* [Information provided]:
·····

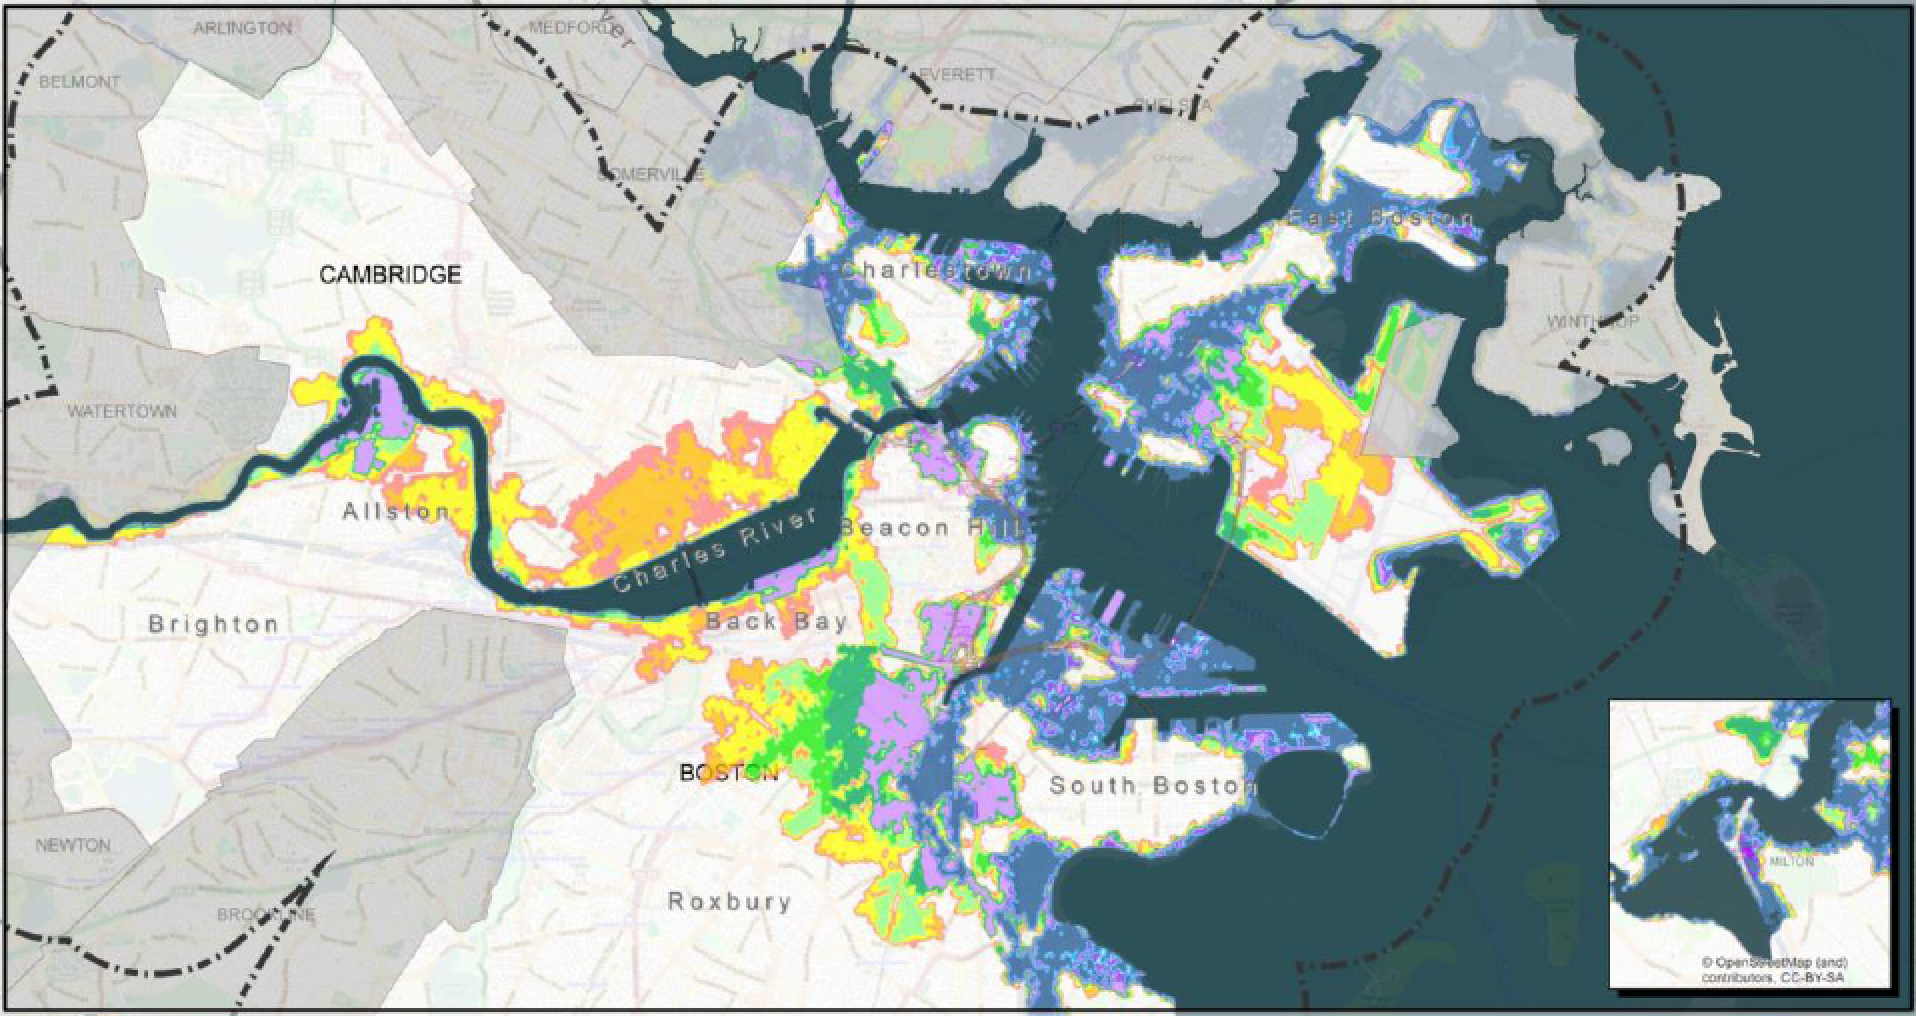 Boston Harbor Flood Exceedance Probabilities Map
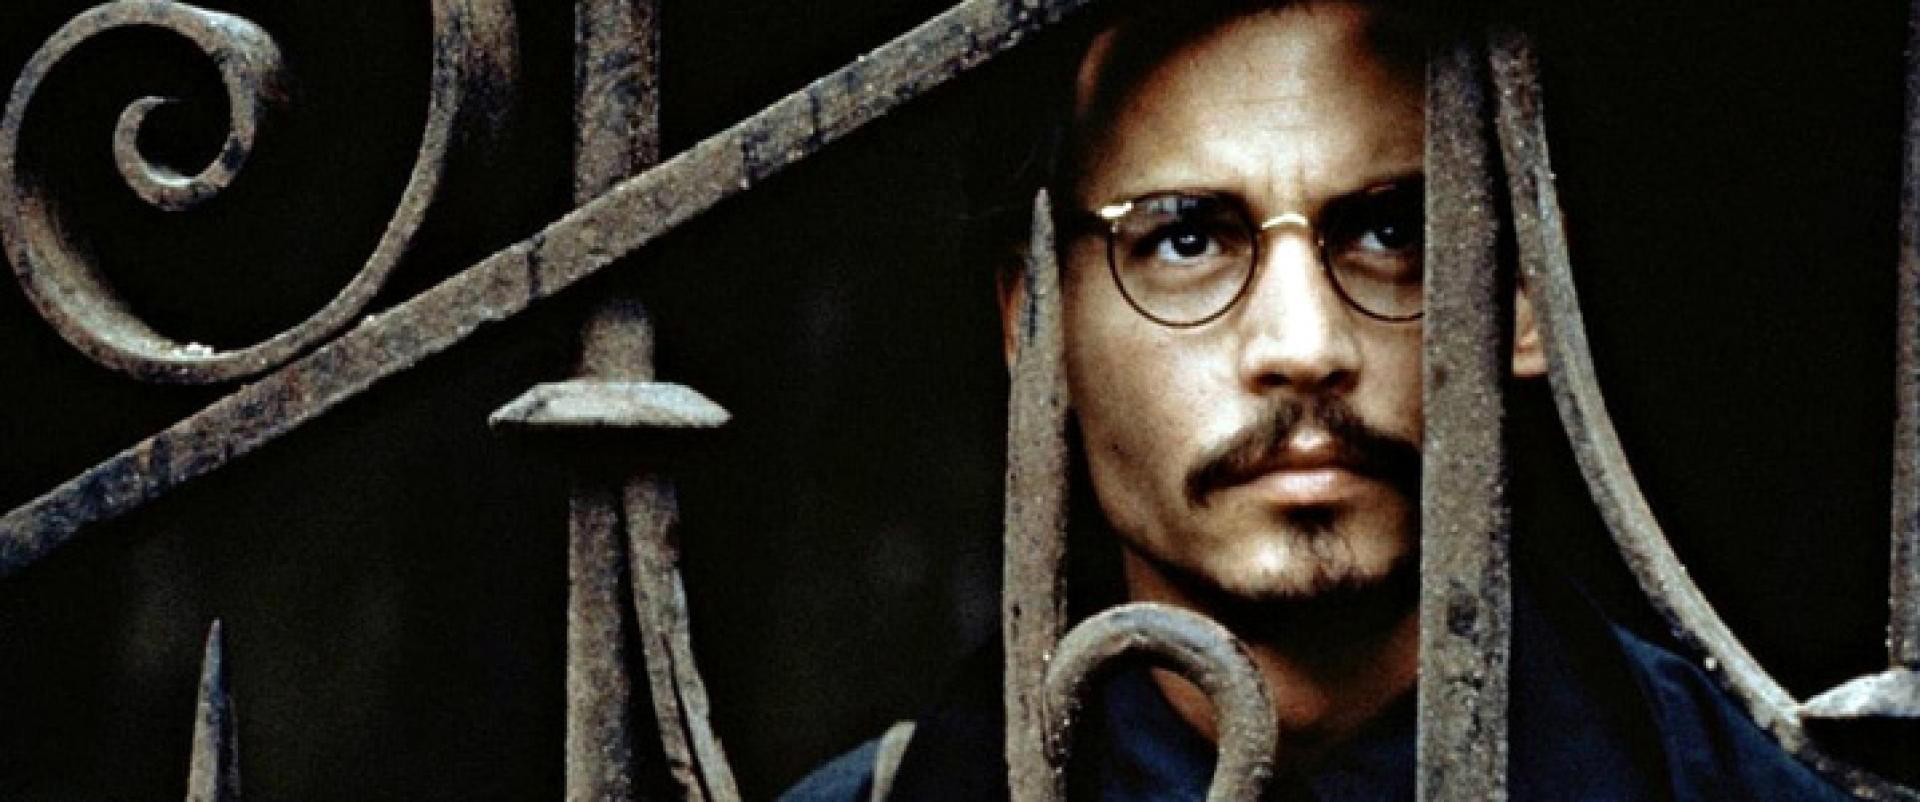 The Ninth Gate - A kilencedik kapu (1999)
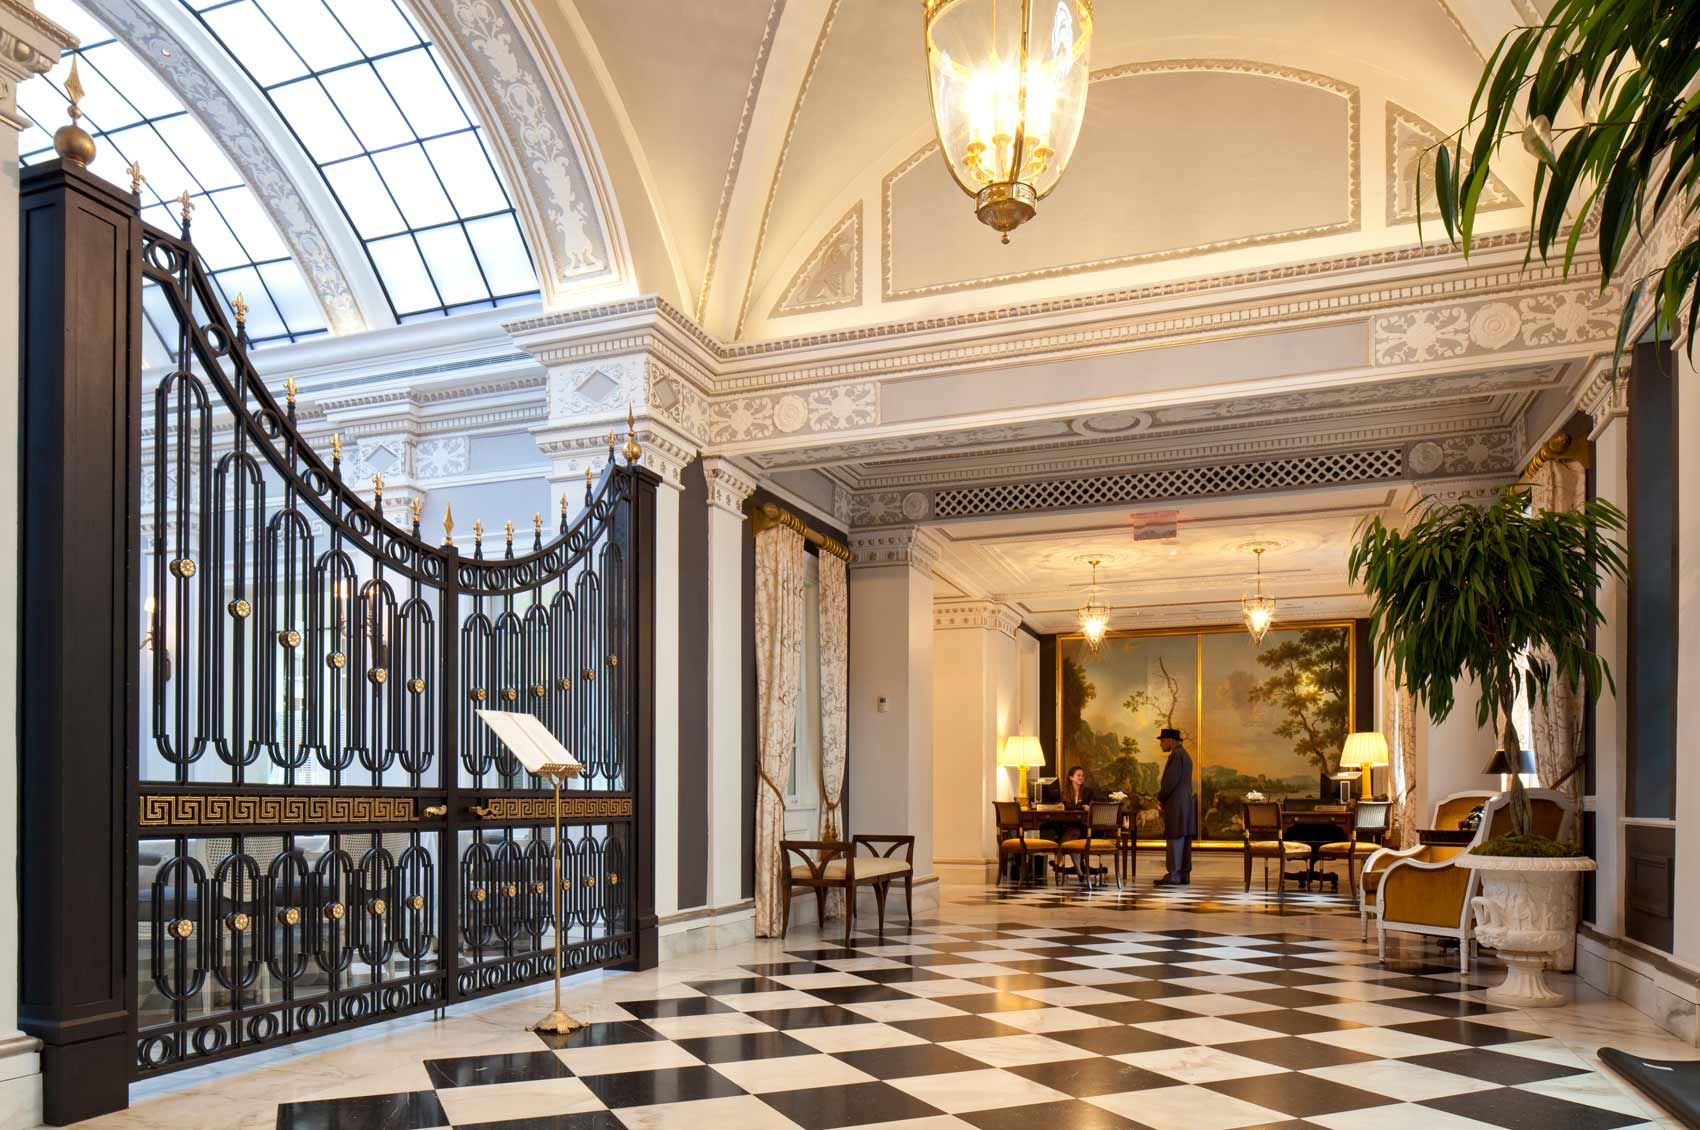 Vienna hotels fodor s - Vienna Hotels Fodor S 46

·····

* [The task]: Produce the material above again in full, with identical lines and no pictures.

* [Output of the task]:
 Boston Harbor Flood Exceedance Probabilities Map
 The Ninth Gate - A kilencedik kapu (1999)
 Vienna hotels fodor s - Vienna Hotels Fodor S 46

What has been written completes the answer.